28Gary_Drescher04 February 2010 06:47PM

According to Ingredients of Timeless Decision Theory, when you set up a factored causal graph for TDT, "You treat your choice as determining the result of the logical computation, and hence all instantiations of that computation, and all instantiations of other computations dependent on that logical computation", where "the logical computation" refers to the TDT-prescribed argmax computation (call it C) that takes all your observations of the world (from which you can construct the factored causal graph) as input, and outputs an action in the present situation.
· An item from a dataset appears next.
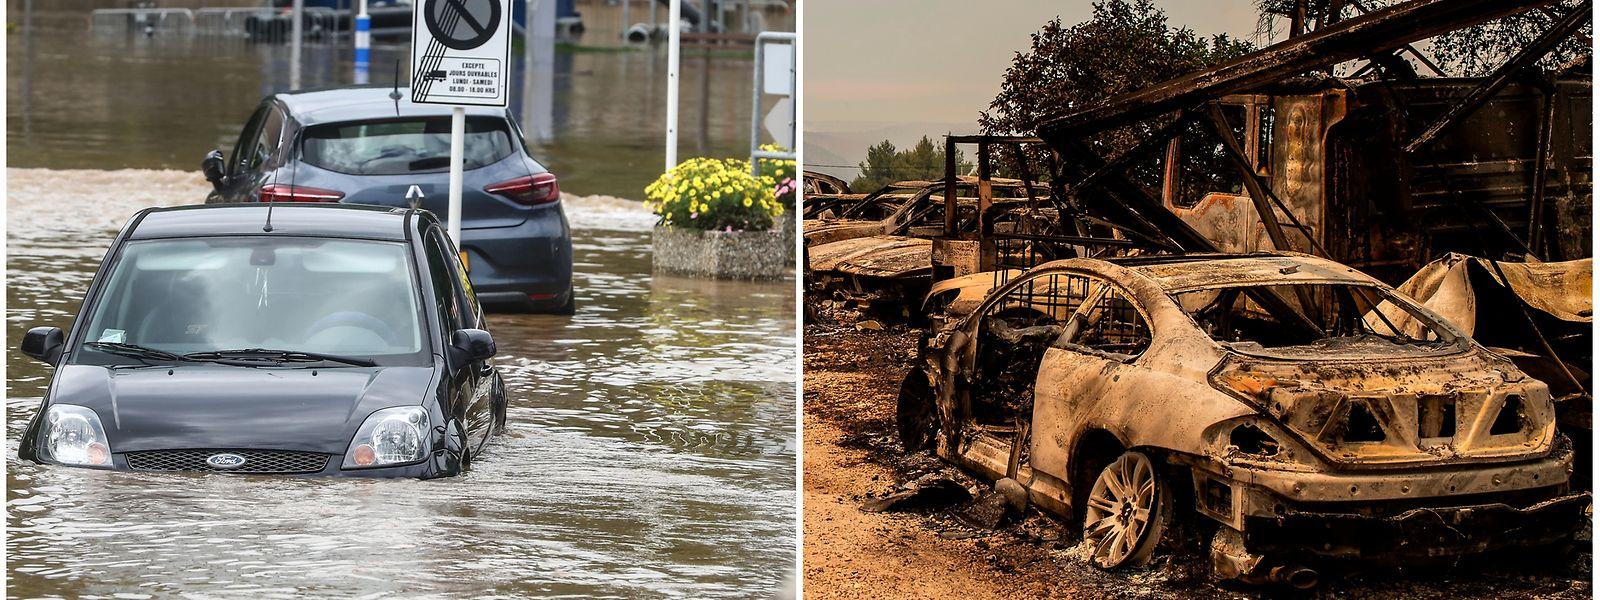 Extremwetterereignisse wie das Sommerhochwasser in Luxemburg, Deutschland und Belgien, oder große Hitze mit Waldbränden wie in Griechenland, werden sich künftig mehren.

I asked Eliezer to clarify what it means for another logical computation D to be either the same as C, or "dependent on" C, for purposes of the TDT algorithm. Eliezer answered:

For D to depend on C means that if C has various logical outputs, we can infer new logical facts about D's logical output in at least some cases, relative to our current state of non-omniscient logical knowledge.  A nice form of this is when supposing that C has a given exact logical output (not yet known to be impossible) enables us to infer D's exact logical output, and this is true for every possible logical output of C. Non-nice forms would be harder to handle in the decision theory but we might perhaps fall back on probability distributions over D.

I replied as follows (which Eliezer suggested I post here).

If that's what TDT means by the logical dependency between Platonic computations, then TDT may have a serious flaw.